Вечерами я читал Дине главы из моей книжки, из тех самых странных открытий, которыми иногда процветают немногочисленные мои магистральные идеи.
Она просила... ну, я и читал.
О Гауди как-то забылось.
Она слушала, сидя на краю дивана, поджав под подбородок ко­ленки и обхватив их руками, а я, поглядывая на неё, думал — и это была мысль, полная благодарности, — как хорошо быть гибкой, ­влажной и молодой...
Гибкая, влажная и молодая — аргументы сокрушительной силы.
— Подожди, подожди! — временами прерывала она меня. — Я тут не поняла...
Я перечитывал, тронутый серьёзностью внимания, нешуточной пытливостью женского ума, инфицированного требованием ясности и явно перенапряжённого религиозно-философским контекстом. Сознавая бестактность вопроса: да на что тебе всё это?.. — я не задавал его, простой и напрашивавшийся. Дина пыталась любить целостно, и потому — ещё и умом... она желала иметь во мне ещё и умственное прельщение.
Преданность женщины твоим темам, верующие глаза... — что в мире сравнимо с блаженством такой взаимности!
Телу твоему верны многие, темам твоим — почти никто.
Мы часто гуляли, а ночи наши не делались надрывными.
Дина хорошо контролировала себя.
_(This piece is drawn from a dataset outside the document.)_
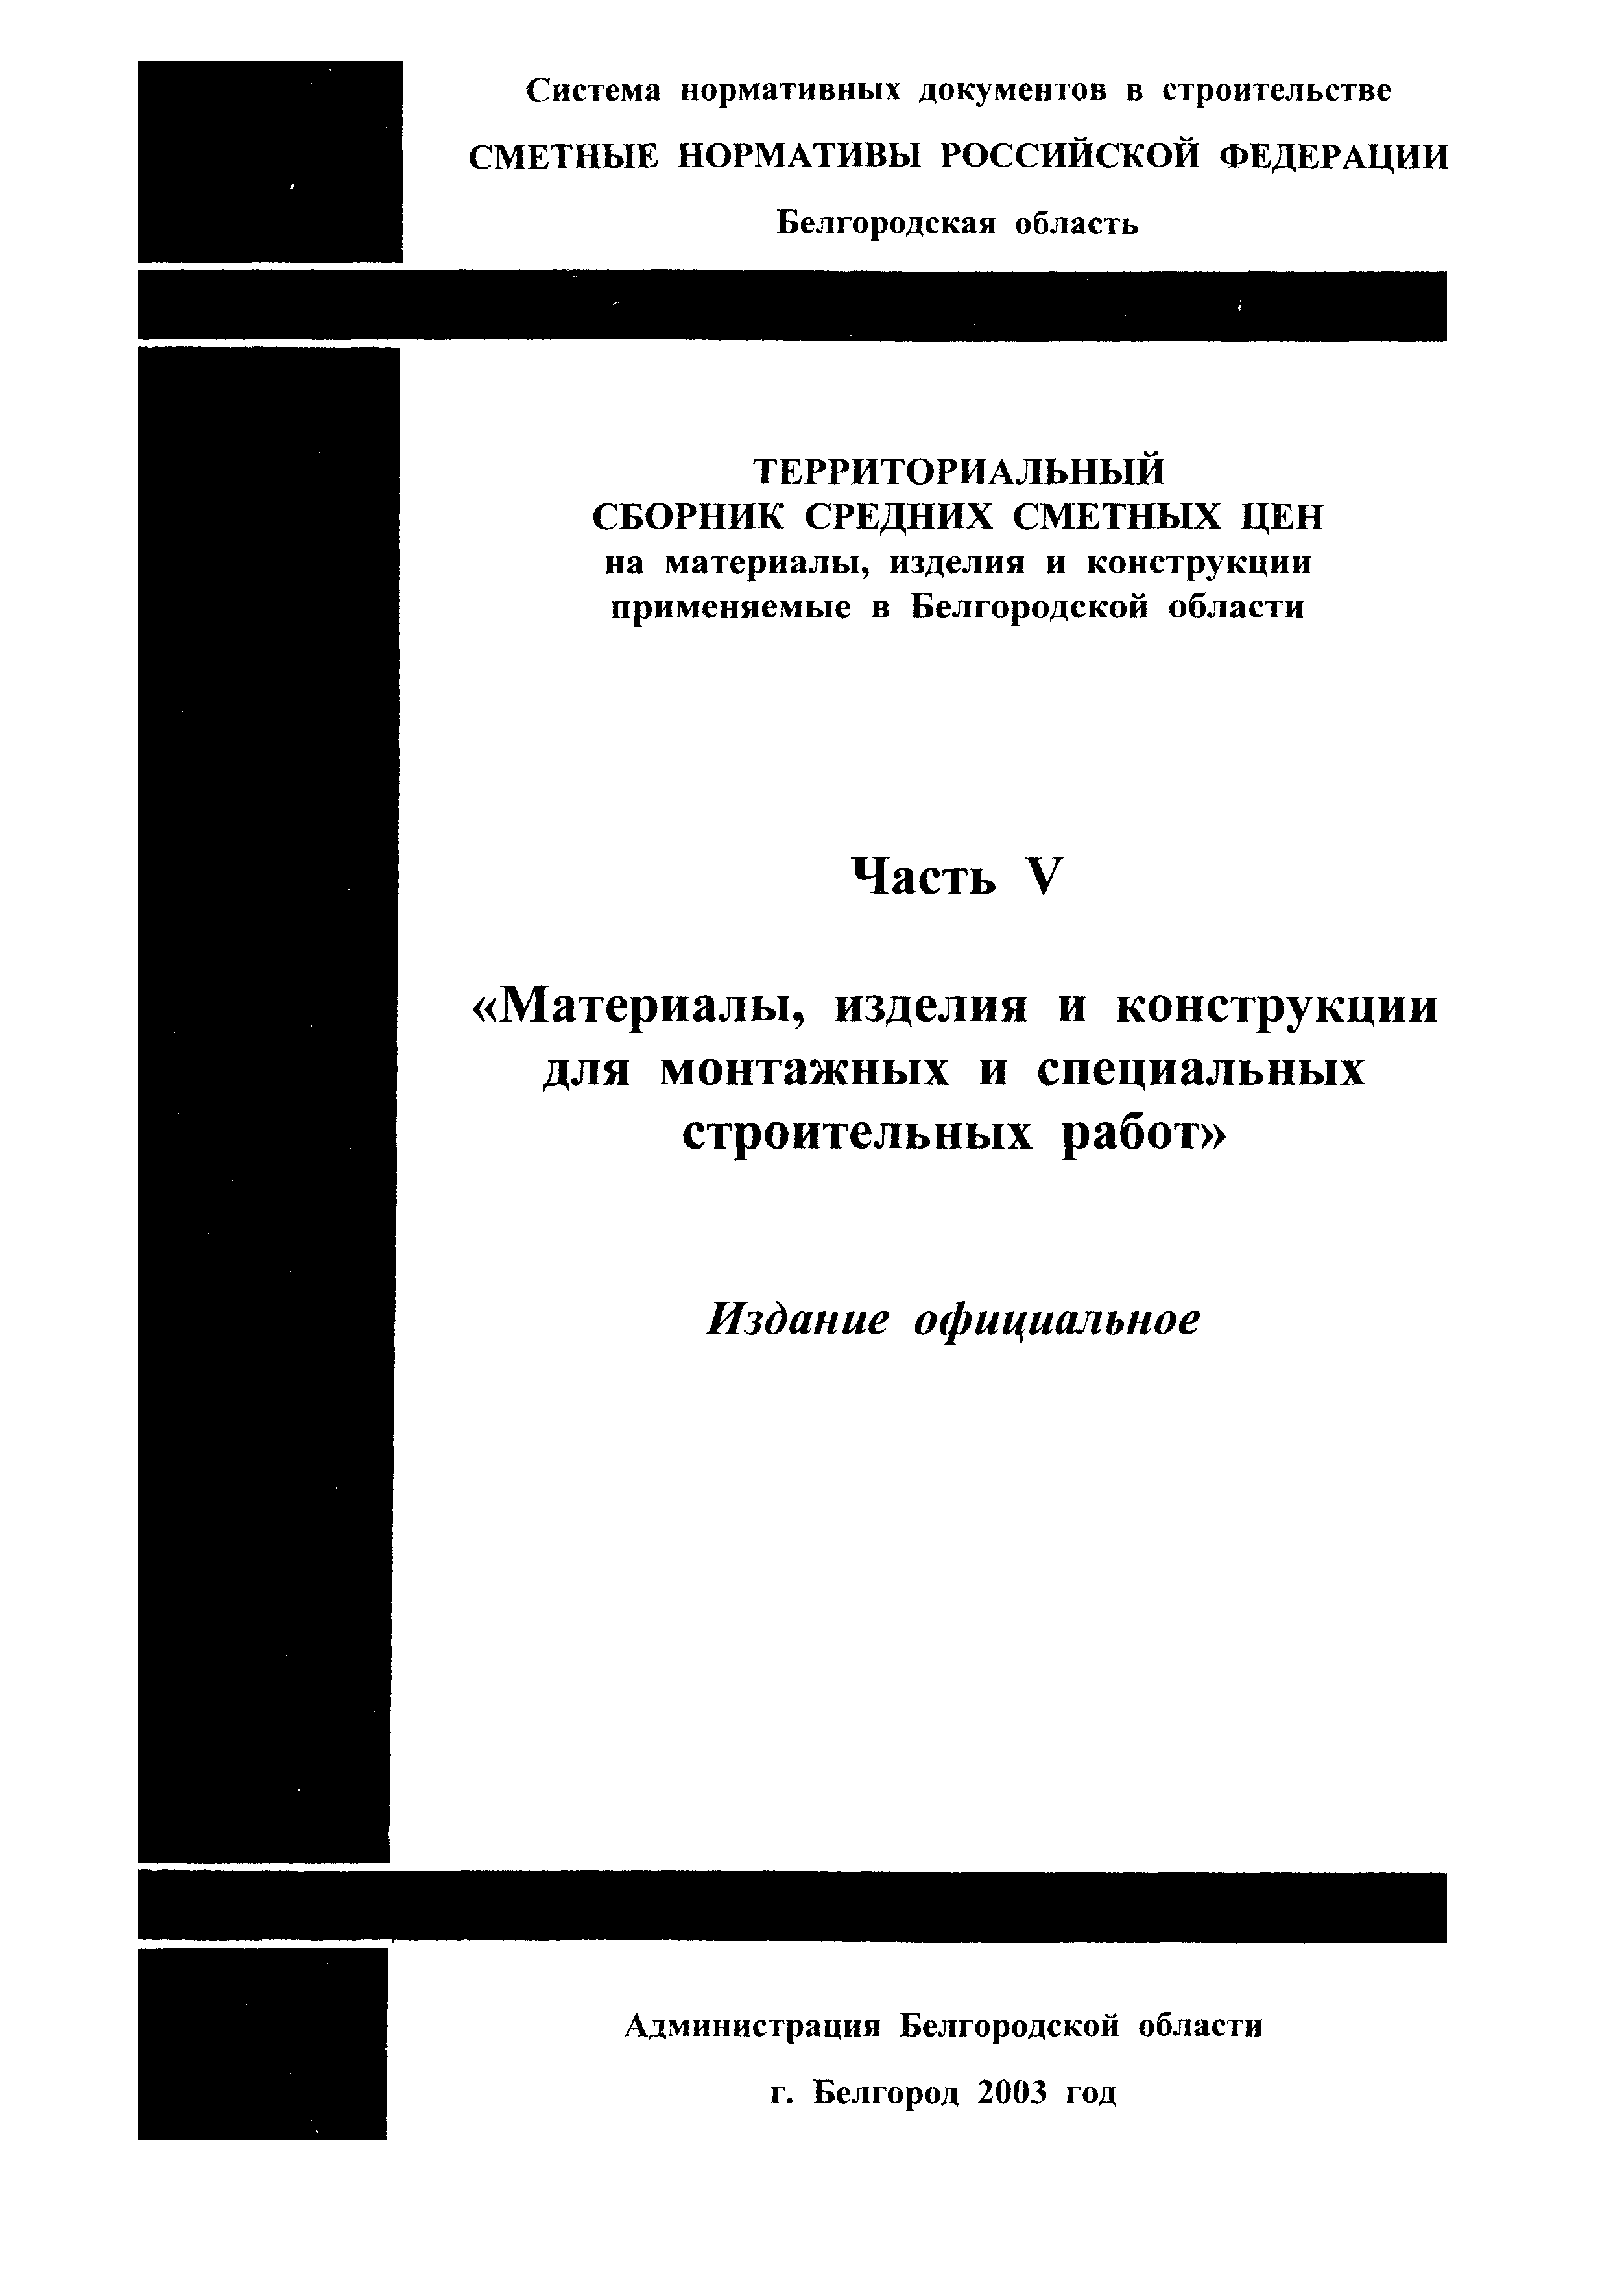 ТСЦ Белгородская область 81-01-2001

Я отчётливо помню её волосы, рассып;вшиеся у меня на груди — чувство незабвенное, волнующее с каждым своим возвращением: подвижный густой шёлк, аромат... — дурман непереносимый, ибо нельзя перенести даже воспоминание о нём без восстания всех желаний, без бунта всей ещё уцелевшей мужественности. И как команда к всплытию — поцелуй в светлую макушку, слабо мелькающую в проборе густой копны, поцелуй, щекочущий губы и ноздри... Так в два счёта рвалась уже наброшенная паутина сна, и вновь — упрямый, с каждым разом всё более усталый бой приговорённых друг к другу противников.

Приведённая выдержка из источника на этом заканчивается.